О, Кэйа помнила их ещё как! Эти значки плотно врезались в ее память. Кэйа подняла с пола сухую ветку и нетерпеливо стала выводить их на пыльном полу. Талэк наклонился, чтобы прочесть написанное, и резко отшатнулся назад, хватая ртом воздух. Дети озадаченно переглянулись.

– Что? Что тут написано? – с мольбой в глазах спросила Кэйа.

Взгляд старика источал нескрываемую тревогу и ещё нечто, что Хальвар посчитал страхом.

– Та, кого вы встретили в пещере, – вовсе не Асвейг… – начал старик дрожащим голосом. – Это злое могущественное существо из царства темных богов, имя ему – Молох… Оно и выцарапано на том камне.

Где-то вдалеке прогремел гром. Дети невольно втянули головы в плечи. Хальвар поежился. Уже от самого этого имени исходил какой-то пугающий скользкий холод.

– Призвать такое в наш мир под силу лишь очень сильному колдуну, – продолжил старик. – Или колдунье. Пожалуй, таковой могла быть и Гулла… Вот ведь как…
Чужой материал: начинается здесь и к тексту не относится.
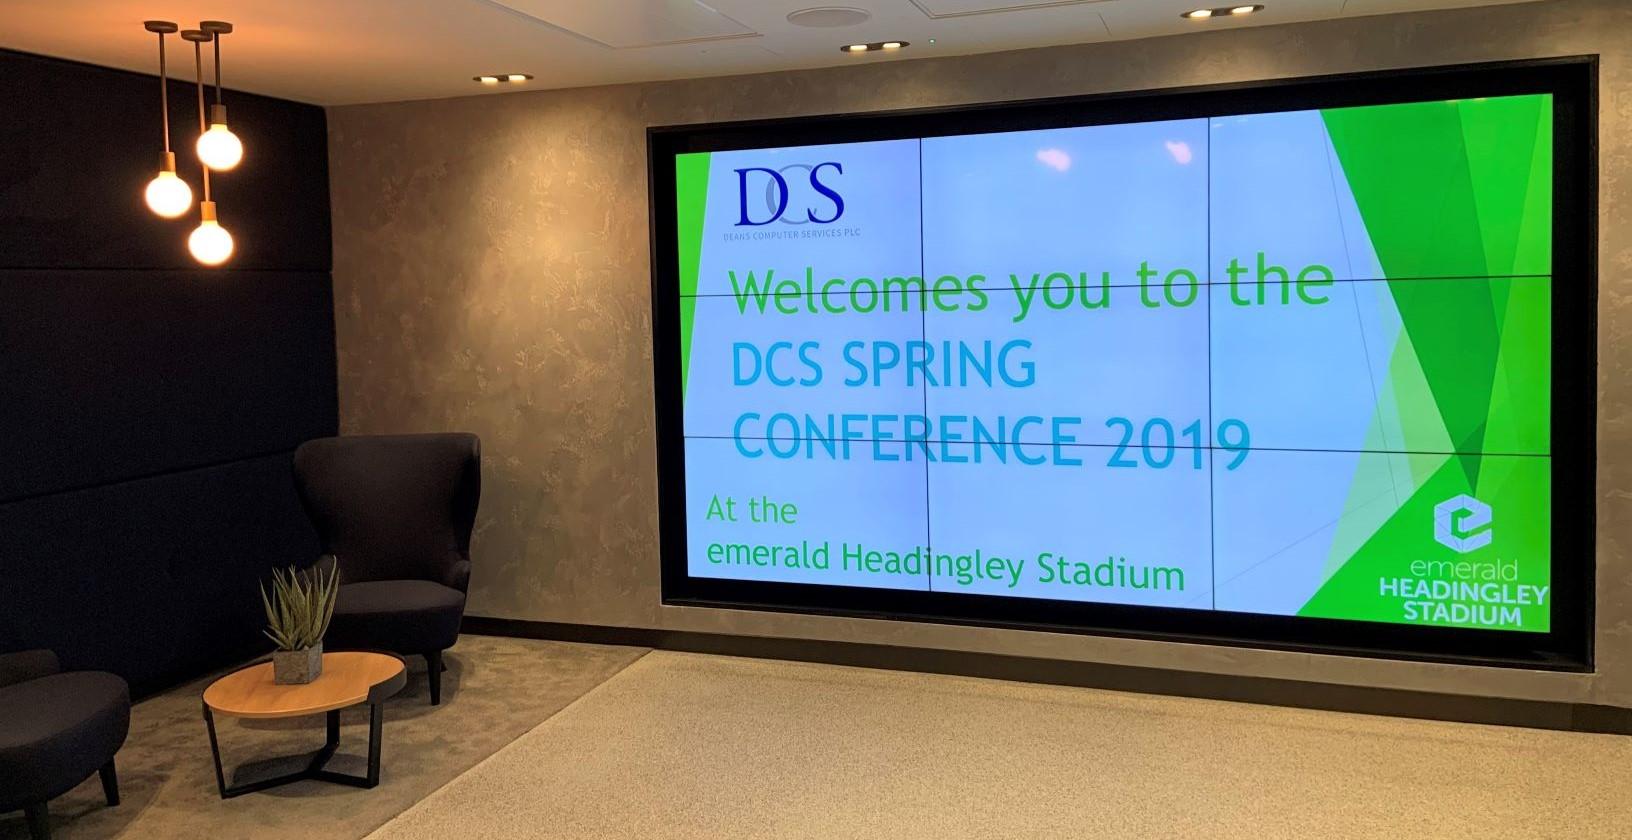 DCS Spring Conference 2019, emerald Headingley Stadium

Он надолго задумался, потирая седую бороду.

– Как же она призвала его? – спросила Кэйа.

– О, это тяжёлый и долгий ритуал, заканчивающийся неминуемой смертью призывающего…

– То есть?

– Колдунья пожертвовала свою жизнь в обмен на то, чтобы вселившийся в тело ее дочери Молох смог существовать. Он будет нести месть за них обеих, крадя и убивая людей. Этим он питается. Нашими с вами жизненными силами… Первые силы и отдала ему Гулла, умерев в страшных мучениях. Тяжёлые времена грядут для Вархема. Тяжёлые времена грядут для всего Вестеръётланда. Скоро в этих землях не останется ни одной живой души. И тогда Молох пойдет дальше…

– А есть у него слабости? – придвинулся ближе Гисли.

– Только одна. Молох не может выйти на солнечный свет. Это губительно для тела, в котором он обитает…

Хальвар вспомнил, как остановилась Асвейг перед линией самой тени. Солнце, стало быть, и спасло их тогда.

– Тогда мы убьем его! – вскочил Ульвар, выхватив свой деревянный меч и начав рассекать им воздух.

Талэк посмотрел на него с грустью:

– Если и возможно убить его, то только земную оболочку. Сама сущность останется, и вскоре Молох переберется в другое мертвое тело, и всё начнется заново. Его нельзя убить, нельзя изгнать, разве что только…

– Что?!

Старик кряхтя поднялся с места.

– Нам нужно к Ярлу, – ответил он, – нужно собрать всех.

За стенами как раз послышался шум голосов. Взрослые возращались в деревню. Хальвар уже не боялся быть наказанным. Теперь он боялся другого.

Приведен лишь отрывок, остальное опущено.